The bull thesis on retail forums is that BP at 548p offers exposure to elevated oil prices through 2026, a credible deleveraging programme, a clear new chief executive with strong US technical credentials, and a dividend yield well above the FTSE 100 average. The downside is capped by the disposal pipeline visibility, which provides hard cash receipts even if the oil price reverts. The asymmetry, in the bull view, is more favourable than at any point since the 2020 dividend cut.

The bear thesis on the same forums points to BP’s structural underperformance versus ExxonMobil and Chevron, the recurring takeover chatter that has never materialised into an offer, the activist Elliott stake that may or may not push for a more radical restructuring, and the question of whether any UK supermajor can ever close the valuation gap with US peers given different regulatory regimes, tax structures and ESG investor bases. The current share price already reflects most of the war-driven upside, and the path back to the 2024 lows of around 350p is not implausible if oil reverts and disposals disappoint.
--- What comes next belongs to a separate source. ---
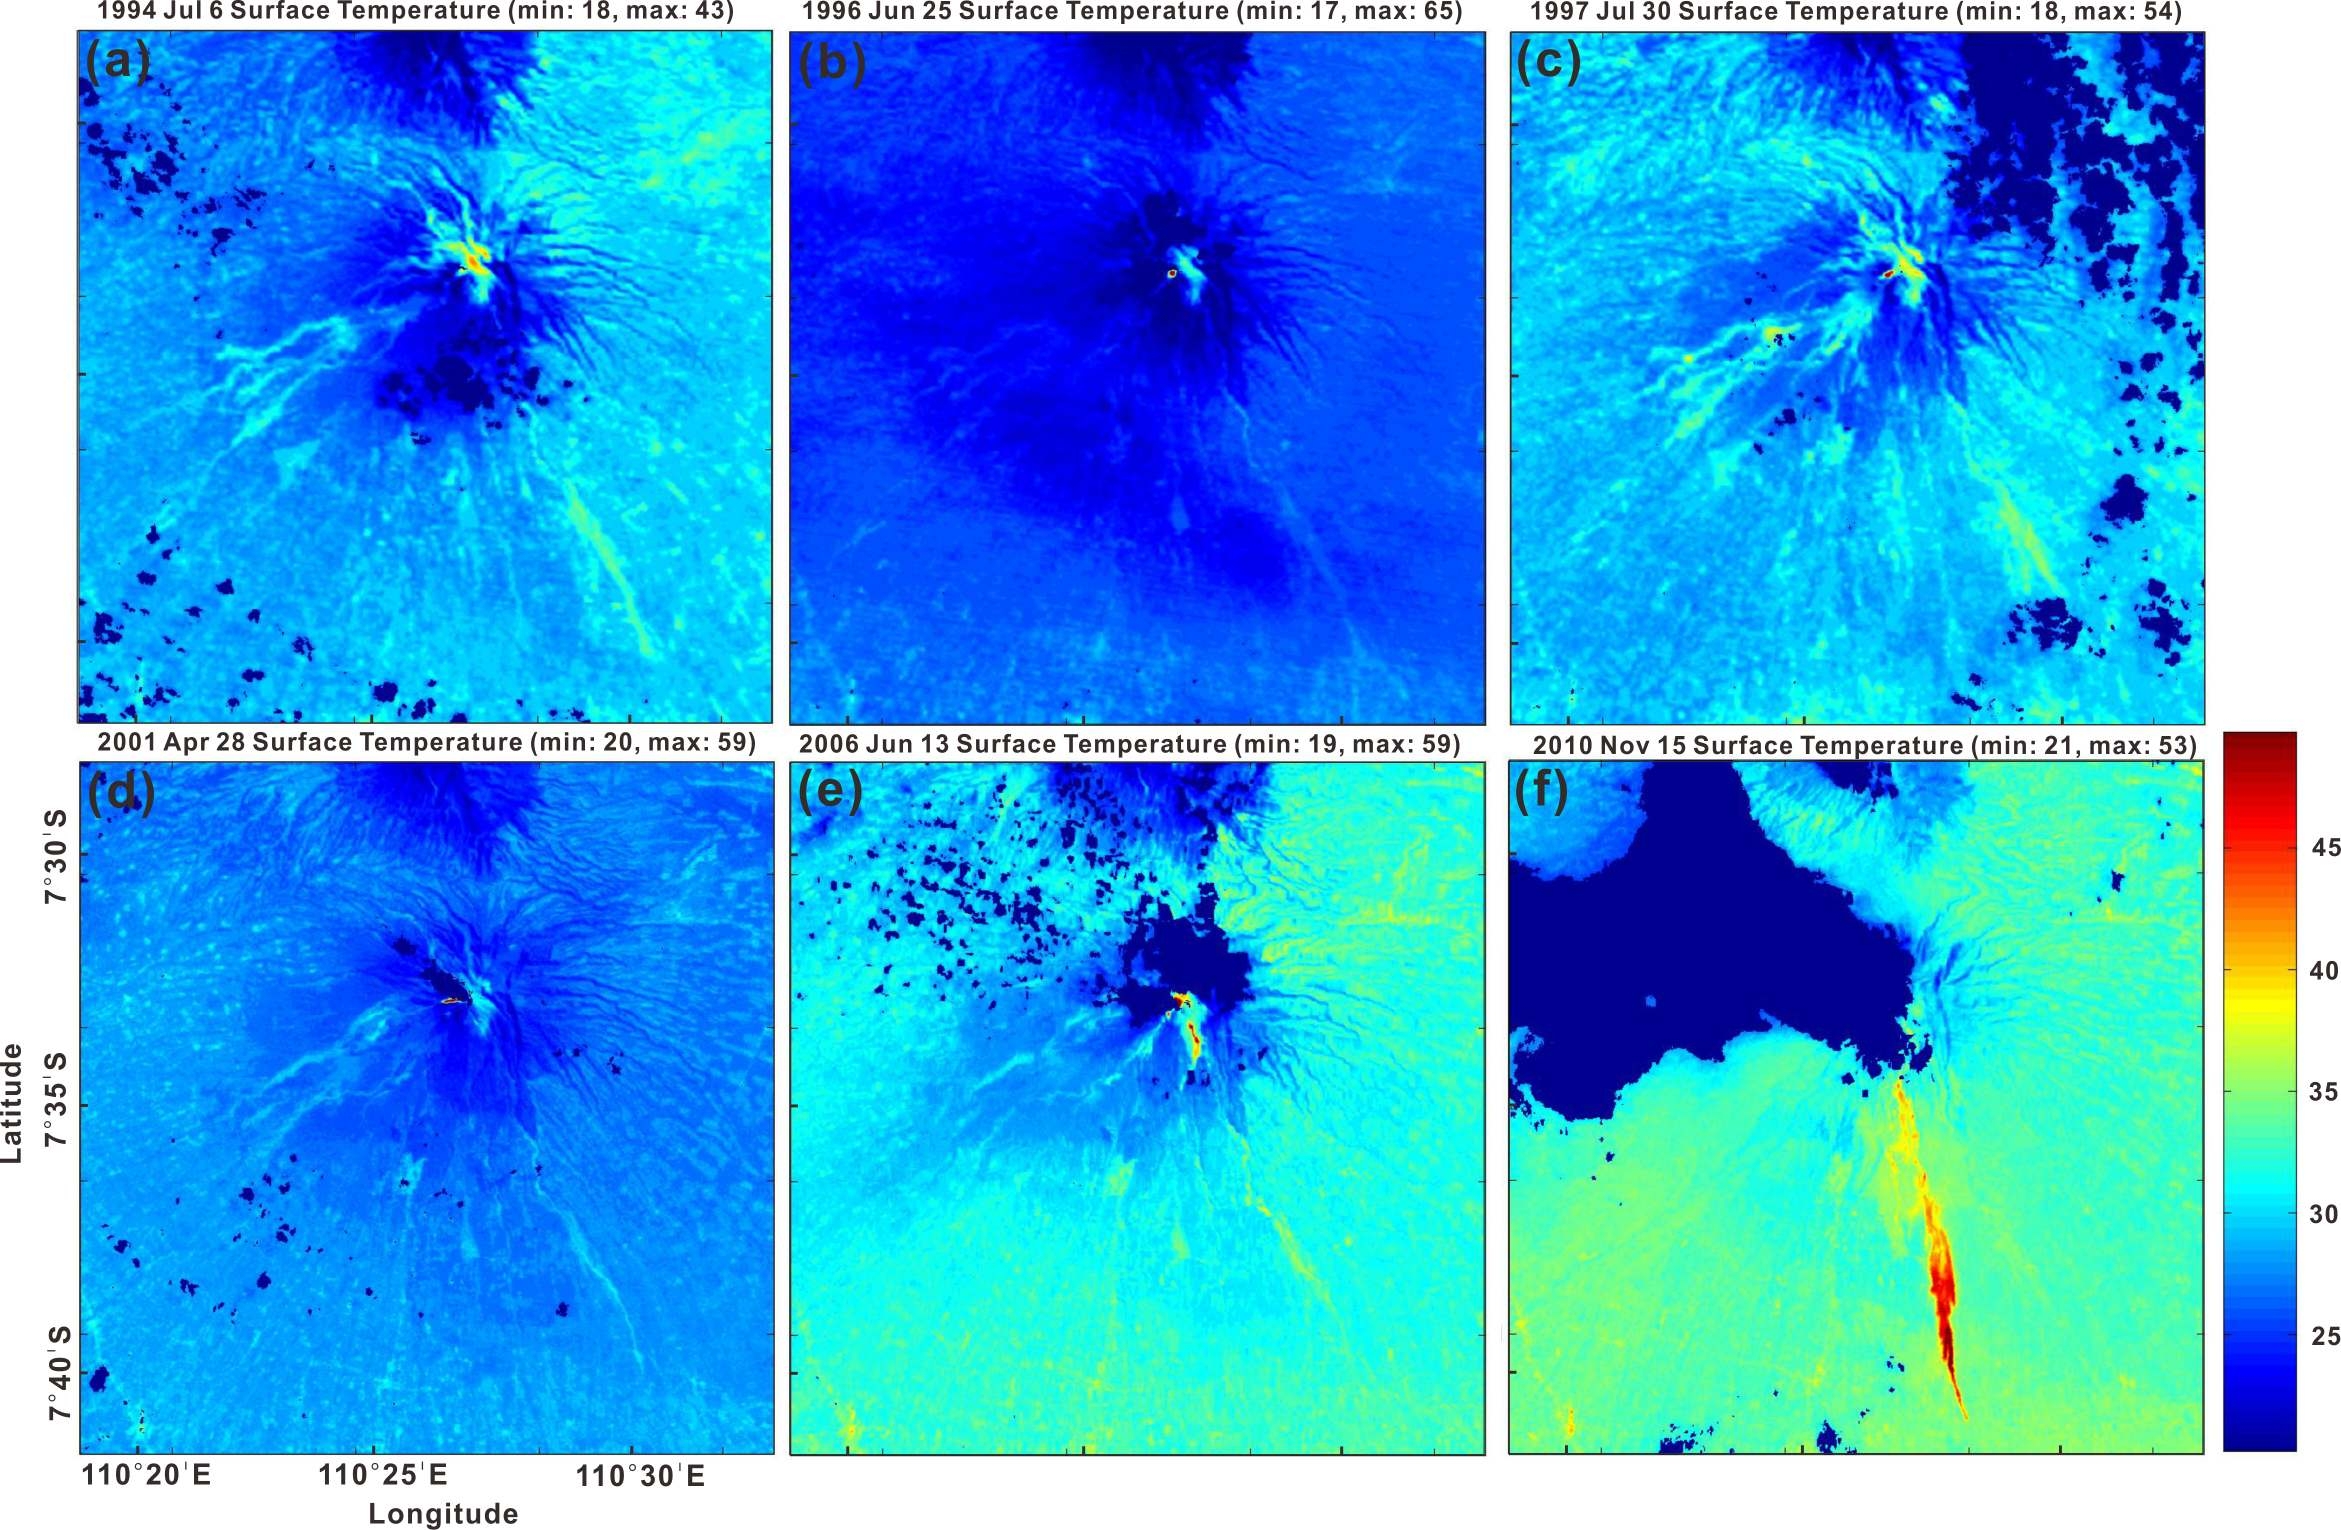 Fig. 3.2.14 Surface temperature at Merapi volcano from 1994 to 2012 using Landsat images.

Key catalysts and watchpoints for BP shareholders over the summer of 2026

  • BP shares rose 1.41% to 548.30p on May 15, 2026 despite going ex-dividend for the $0.499 final payment, implying an underlying intraday positive move of over 2.0% driven by analyst upgrades and the May 13 Uzbekistan production sharing contract entry.
  • Argus Research upgraded BP to Buy on May 11 and RBC Capital lifted the rating from Sector Perform to Outperform on the same day, both citing the Q1 2026 earnings beat that saw group profit more than double year-on-year.
  • Citi has framed the next four months as a decisive summer of dealmaking, with potential asset sales worth around $15 billion, including the residual UK North Sea position confirmed under Bloomberg-reported review on May 1.
  • New chief executive Meg O’Neill, who joined from Woodside Energy on April 1, 2026, has prioritised portfolio concentration on higher-margin upstream geographies, with the Uzbekistan 40% stake in six exploration blocks the first material new entry under her tenure.
  • The Brent crude oil price remains the single largest variable for BP earnings, with the Iran war keeping prices in the $90 to $130 range since the US attack on February 28, 2026, against a 2025 average closer to $75.
  • BP is targeting net debt reduction toward the $14 to $18 billion range, with Castrol’s $10.1 billion December 2025 sale to US private equity already banked and the disposal programme continuing through the autumn Capital Markets Day expected in September or October.
  • The dividend yield of 4.53% at current price levels provides an income floor, but share buyback resumption is contingent on debt target achievement, meaning capital returns remain modest in the near term.
  • Elliott Investment Management’s nearly 5% activist stake is no longer the immediate catalyst it was in early 2025, but the option value remains, with the possibility of further strategic pressure or even renewed takeover chatter from US peers should BP’s share price remain disconnected from US supermajor valuations.